In most cases, yes, your nail bed can grow back. The key factor is whether your nail matrix, the tissue at the base of your nail responsible for about 80% of nail production, is still intact. When the matrix is healthy, the nail bed has a strong capacity to regenerate, even after significant trauma. When the matrix is damaged or scarred, regrowth becomes less predictable and the new nail may look different than it did before.
How the Nail Bed Actually Regrows
Your nail has two main growth centers. The matrix, tucked under the skin at the base of your nail near the cuticle, produces roughly 80% of the nail’s thickness. The nail bed itself, the pink tissue you can see through your nail, contributes about the remaining 20%. Both structures work together to create a smooth, attached nail.
Research shows that when the matrix is present, the nail bed regenerates well. In studies where damaged nail bed tissue was replaced with skin grafts or flaps, the nail bed actually grew back underneath, pushing the replacement tissue out of the way over time. This means even after a significant injury, your body can rebuild the nail bed as long as it has a healthy matrix to drive the process. Researchers have also found that providing structural support to the area (through surgical techniques that fill in missing tissue) helps the nail bed regenerate regardless of the patient’s age.
When the matrix is absent or severely damaged, however, the nail bed regenerates poorly. This is the critical distinction: the matrix is the engine of regrowth, and the nail bed depends on it.
What Happens After Losing a Nail
If you’ve lost a fingernail entirely, you’re looking at roughly 3 to 4 months for a new one to grow from the base to the tip. Fingernails grow at an average rate of about 3.5 millimeters per month. Toenails are significantly slower at around 1.6 millimeters per month, so a lost toenail can take 6 months or longer to fully replace itself.
Your pinky fingernail tends to grow the slowest of your fingers, while the big toenail grows faster than the smaller toes. Younger people and men tend to have slightly faster growth rates, though the differences are modest. During regrowth, the new nail may look slightly different in texture or thickness at first but often normalizes as it matures.
When a Detached Nail Won’t Reattach
If your nail has separated from the nail bed (a condition called onycholysis), the detached portion will not reattach. There’s no treatment that can bond the lifted nail plate back to the tissue underneath. What treatment can do is protect the exposed nail bed and ensure that new nail growth stays attached as it moves forward. You essentially have to wait for the healthy new nail to grow out from the base and replace the separated section.
This process requires patience. Since the new nail only advances a few millimeters each month, it can take several months before the affected area is fully replaced. During that time, keeping the nail trimmed short and dry helps prevent further separation or infection.
Scarring That Causes Permanent Changes
Not every nail bed injury heals perfectly. Scarring in the nail bed or matrix can cause lasting changes to how your nail looks and grows. The type and size of the scar determine the outcome.
- Narrow scars in the nail bed usually don’t cause noticeable problems. The nail can still adhere to the tissue on either side.
- Wide scars prevent the nail from sticking to the bed, creating a visible area of non-adherence where the nail lifts or looks white.
- Longitudinal or diagonal scars can split the nail permanently. Because scar tissue can’t produce nail, the surrounding healthy tissue pulls apart during growth, creating a visible groove or crack running down the nail.
- Horizontal scars in the matrix can produce a “double nail” effect, where the nail grows in two separate layers.
- Ridges form when scar tissue builds up in or beneath the matrix. The nail conforms to the shape of whatever is underneath it, so bumps or thickening in the matrix create raised lines on the surface.
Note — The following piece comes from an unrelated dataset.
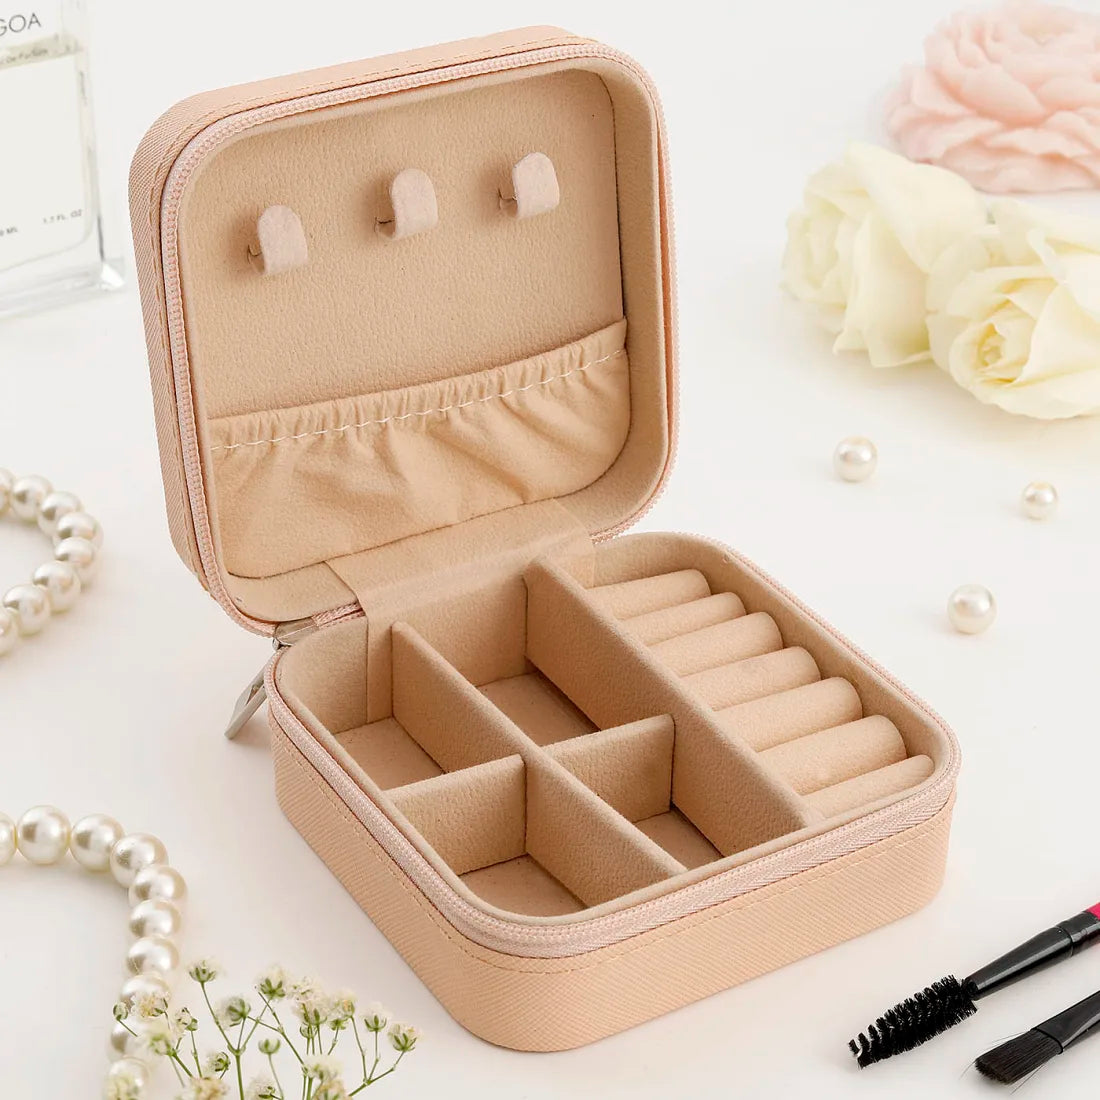 Mini Jewellery Organizer Box

The location of the damage matters more than its size. Scarring in the nail bed alone is more forgiving than scarring in the matrix. If the matrix is scarred, a surgical graft of matrix tissue from another nail may be needed to restore normal growth.
Why Proper Repair Matters
Nail bed injuries need precise repair to avoid permanent deformity. When the nail bed or matrix is torn, careful alignment of the tissue edges gives the best chance of smooth regrowth. Crush injuries are especially tricky because swelling makes immediate closure difficult, and the tissue damage is often more extensive than it first appears.
If the nail plate has been knocked off but the nail bed is intact, preserving that exposed bed is important. Covering it (often by replacing the cleaned nail plate or using a protective substitute) acts as a splint that keeps the tissue in position while healing occurs. This also prevents the skin fold at the base of the nail from scarring shut, which would block the new nail from growing out properly.
Injuries where the nail bed is lacerated, the matrix is torn, or the fingertip bone underneath is fractured benefit significantly from professional repair. Small, clean injuries may heal well on their own, but anything involving visible tearing of the pink nail bed tissue or significant crushing is worth having evaluated. The difference between a nail that grows back normally and one that’s permanently ridged or split often comes down to how well the tissue was aligned during healing.